(Entries supplied begins)

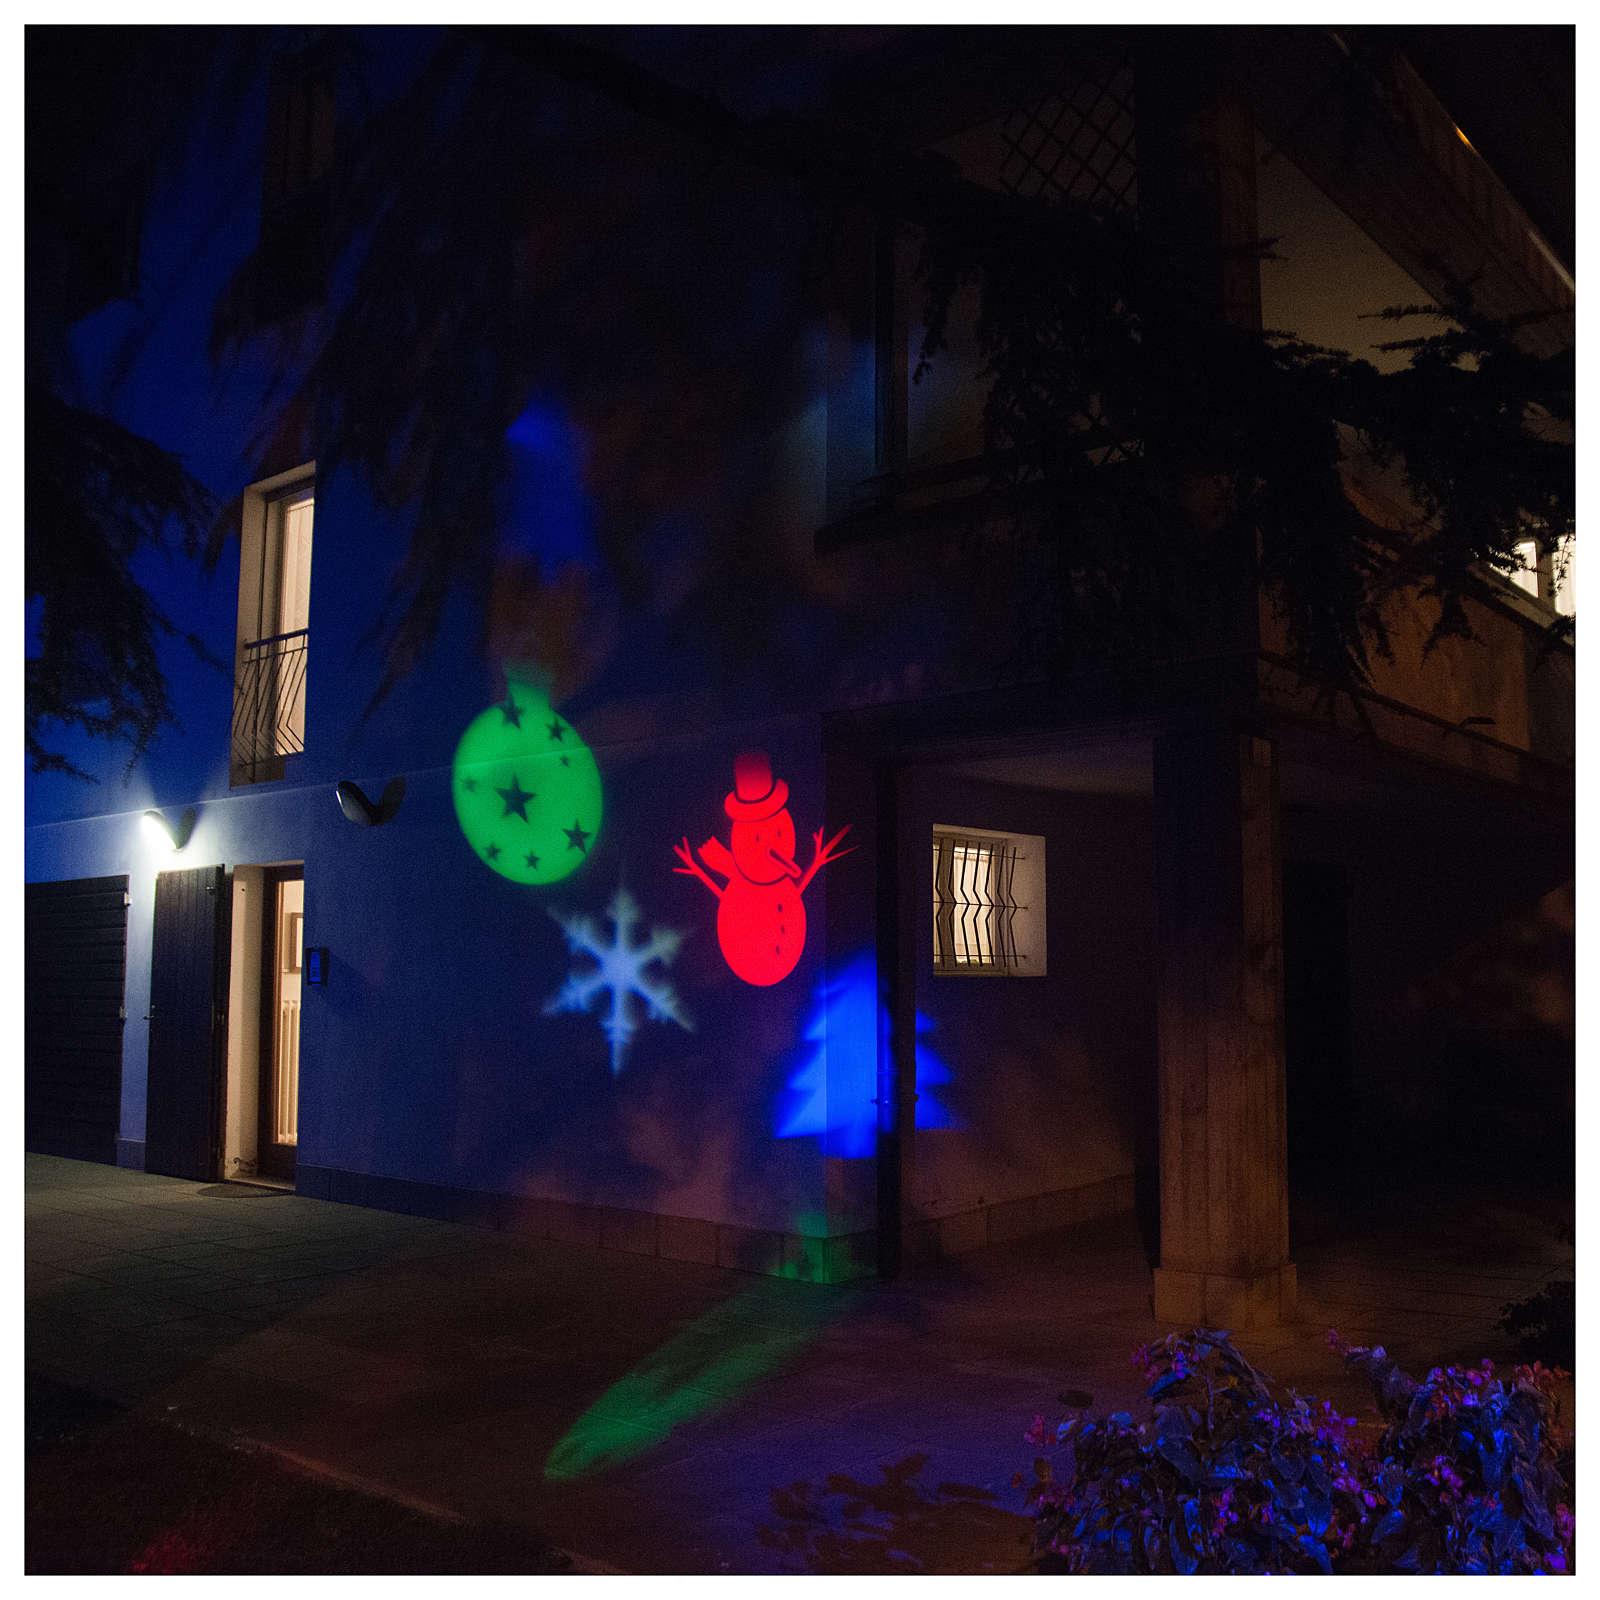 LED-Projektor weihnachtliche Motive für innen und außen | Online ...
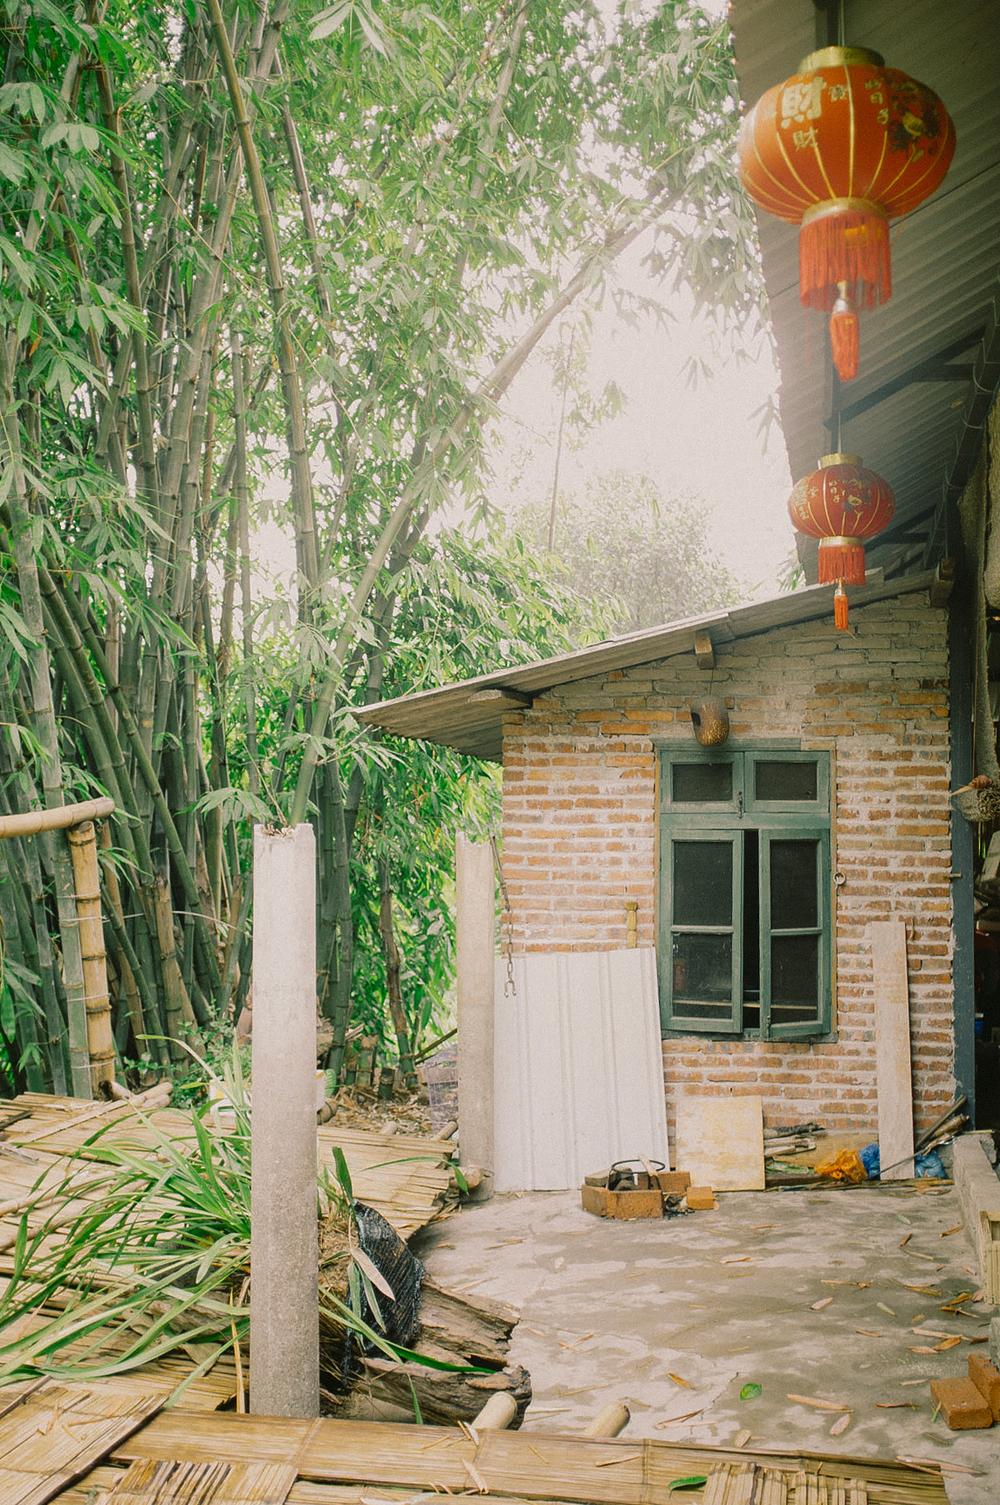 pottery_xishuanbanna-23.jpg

(Entries supplied ends)
(Entries supplied begins)

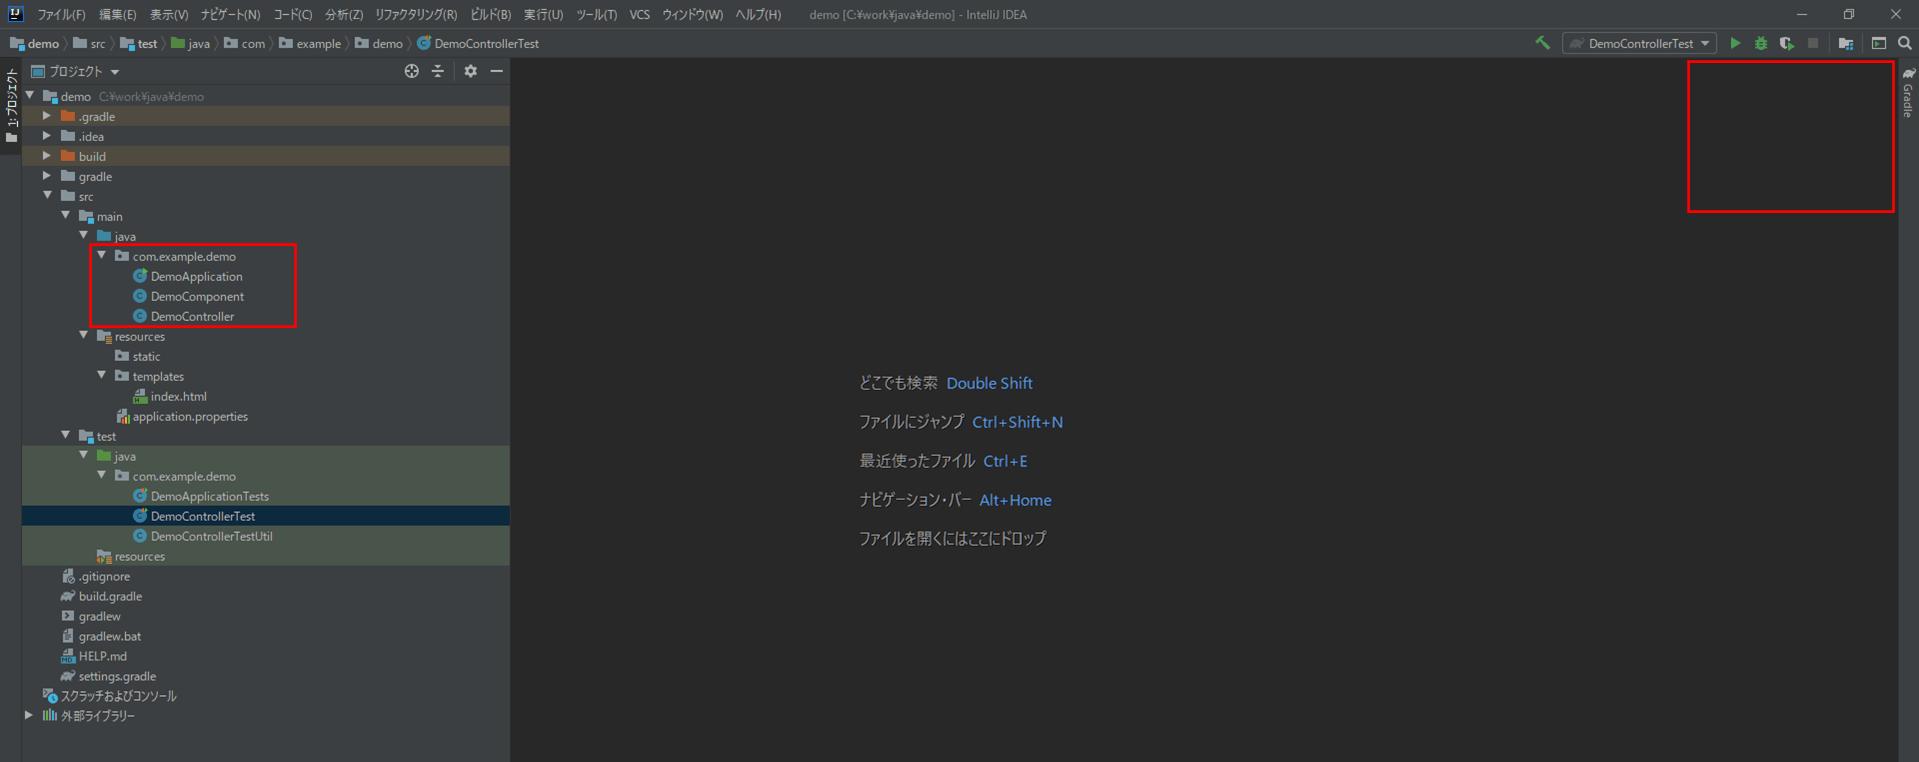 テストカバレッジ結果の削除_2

(Entries supplied ends)

#### Task item:
Please output, exactly as written, the lines above from the one holding "LED-Projektor weihnachtliche Motive" through the one holding "pottery_xishuanbanna-23.jpg", both included, with the pictures omitted.

#### Output of the exercise:
 LED-Projektor weihnachtliche Motive für innen und außen | Online ...
 pottery_xishuanbanna-23.jpg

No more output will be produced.